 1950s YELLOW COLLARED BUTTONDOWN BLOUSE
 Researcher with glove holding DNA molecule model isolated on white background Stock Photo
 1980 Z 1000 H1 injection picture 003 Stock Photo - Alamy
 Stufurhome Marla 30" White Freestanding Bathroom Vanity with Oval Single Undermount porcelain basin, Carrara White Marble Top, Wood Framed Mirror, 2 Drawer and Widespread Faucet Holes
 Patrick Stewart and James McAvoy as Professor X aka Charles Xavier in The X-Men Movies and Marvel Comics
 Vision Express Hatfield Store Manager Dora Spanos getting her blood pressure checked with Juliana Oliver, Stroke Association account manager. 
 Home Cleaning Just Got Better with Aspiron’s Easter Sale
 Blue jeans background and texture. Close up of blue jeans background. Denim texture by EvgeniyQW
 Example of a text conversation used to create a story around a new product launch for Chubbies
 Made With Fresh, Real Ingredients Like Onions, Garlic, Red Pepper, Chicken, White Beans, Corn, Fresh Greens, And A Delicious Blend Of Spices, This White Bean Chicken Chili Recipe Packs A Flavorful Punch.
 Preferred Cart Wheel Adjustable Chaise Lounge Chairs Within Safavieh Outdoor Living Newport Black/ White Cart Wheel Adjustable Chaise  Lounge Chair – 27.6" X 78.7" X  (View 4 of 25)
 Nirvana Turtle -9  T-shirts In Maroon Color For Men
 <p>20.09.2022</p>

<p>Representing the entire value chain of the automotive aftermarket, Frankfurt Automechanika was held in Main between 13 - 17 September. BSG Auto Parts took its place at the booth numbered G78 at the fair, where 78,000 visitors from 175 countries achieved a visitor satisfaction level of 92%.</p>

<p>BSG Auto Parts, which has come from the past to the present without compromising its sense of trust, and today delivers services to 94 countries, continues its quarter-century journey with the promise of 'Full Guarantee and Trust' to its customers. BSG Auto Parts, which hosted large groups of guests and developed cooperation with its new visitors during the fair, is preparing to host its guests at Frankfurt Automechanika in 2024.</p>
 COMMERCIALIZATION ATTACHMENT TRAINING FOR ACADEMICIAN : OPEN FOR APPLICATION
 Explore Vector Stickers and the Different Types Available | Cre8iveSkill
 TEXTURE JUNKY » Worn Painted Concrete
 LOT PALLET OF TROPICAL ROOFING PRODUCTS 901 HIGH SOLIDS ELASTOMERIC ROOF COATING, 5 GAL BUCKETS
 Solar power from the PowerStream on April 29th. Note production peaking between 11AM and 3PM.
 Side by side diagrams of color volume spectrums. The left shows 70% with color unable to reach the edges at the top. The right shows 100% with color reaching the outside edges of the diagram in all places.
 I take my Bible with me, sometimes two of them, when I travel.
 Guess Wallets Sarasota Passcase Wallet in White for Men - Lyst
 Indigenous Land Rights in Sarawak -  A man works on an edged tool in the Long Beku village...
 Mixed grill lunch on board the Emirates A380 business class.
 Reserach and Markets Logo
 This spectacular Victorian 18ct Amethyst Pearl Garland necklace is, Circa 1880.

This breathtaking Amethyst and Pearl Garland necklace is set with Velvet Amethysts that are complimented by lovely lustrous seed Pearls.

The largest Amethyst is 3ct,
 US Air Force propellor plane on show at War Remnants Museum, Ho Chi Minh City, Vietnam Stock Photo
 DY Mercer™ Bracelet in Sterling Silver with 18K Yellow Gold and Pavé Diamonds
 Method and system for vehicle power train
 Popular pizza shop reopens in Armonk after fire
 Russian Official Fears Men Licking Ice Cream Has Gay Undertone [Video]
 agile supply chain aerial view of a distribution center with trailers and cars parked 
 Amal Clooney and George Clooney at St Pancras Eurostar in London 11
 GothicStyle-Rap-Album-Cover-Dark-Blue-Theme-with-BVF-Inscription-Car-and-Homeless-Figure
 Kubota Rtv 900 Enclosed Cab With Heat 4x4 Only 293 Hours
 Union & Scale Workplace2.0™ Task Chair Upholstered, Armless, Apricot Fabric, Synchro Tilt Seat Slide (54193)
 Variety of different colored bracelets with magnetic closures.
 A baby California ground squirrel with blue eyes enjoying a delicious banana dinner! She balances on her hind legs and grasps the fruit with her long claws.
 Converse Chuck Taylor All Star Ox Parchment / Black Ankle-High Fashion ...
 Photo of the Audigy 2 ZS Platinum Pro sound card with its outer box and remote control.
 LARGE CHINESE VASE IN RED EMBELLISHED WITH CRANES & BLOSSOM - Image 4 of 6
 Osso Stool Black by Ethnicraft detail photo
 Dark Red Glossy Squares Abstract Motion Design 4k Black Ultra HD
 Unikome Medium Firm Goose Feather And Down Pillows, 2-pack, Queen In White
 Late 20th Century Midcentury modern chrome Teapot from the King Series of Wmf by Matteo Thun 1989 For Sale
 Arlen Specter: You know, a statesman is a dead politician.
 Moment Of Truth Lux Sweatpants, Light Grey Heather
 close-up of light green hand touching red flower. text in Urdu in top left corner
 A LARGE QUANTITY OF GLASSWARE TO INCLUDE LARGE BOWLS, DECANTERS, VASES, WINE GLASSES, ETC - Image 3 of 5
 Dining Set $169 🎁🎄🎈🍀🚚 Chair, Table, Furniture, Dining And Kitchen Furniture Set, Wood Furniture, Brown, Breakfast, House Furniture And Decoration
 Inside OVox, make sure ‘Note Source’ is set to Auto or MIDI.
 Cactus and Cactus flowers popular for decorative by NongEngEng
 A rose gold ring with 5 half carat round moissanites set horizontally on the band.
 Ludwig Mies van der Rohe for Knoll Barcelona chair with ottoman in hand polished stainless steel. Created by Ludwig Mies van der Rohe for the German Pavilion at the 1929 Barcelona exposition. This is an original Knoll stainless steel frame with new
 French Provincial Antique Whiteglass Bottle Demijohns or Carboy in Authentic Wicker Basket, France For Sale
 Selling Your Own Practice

◆ WHAT YOU SHOULD DO: Retype the portion of the data above that starts on the line with "Kubota Rtv 900" and finishes on the line with "A baby California", including both of those lines.

◆ WRITTEN SOLUTION:
 Kubota Rtv 900 Enclosed Cab With Heat 4x4 Only 293 Hours
 Union & Scale Workplace2.0™ Task Chair Upholstered, Armless, Apricot Fabric, Synchro Tilt Seat Slide (54193)
 Variety of different colored bracelets with magnetic closures.
 A baby California ground squirrel with blue eyes enjoying a delicious banana dinner! She balances on her hind legs and grasps the fruit with her long claws.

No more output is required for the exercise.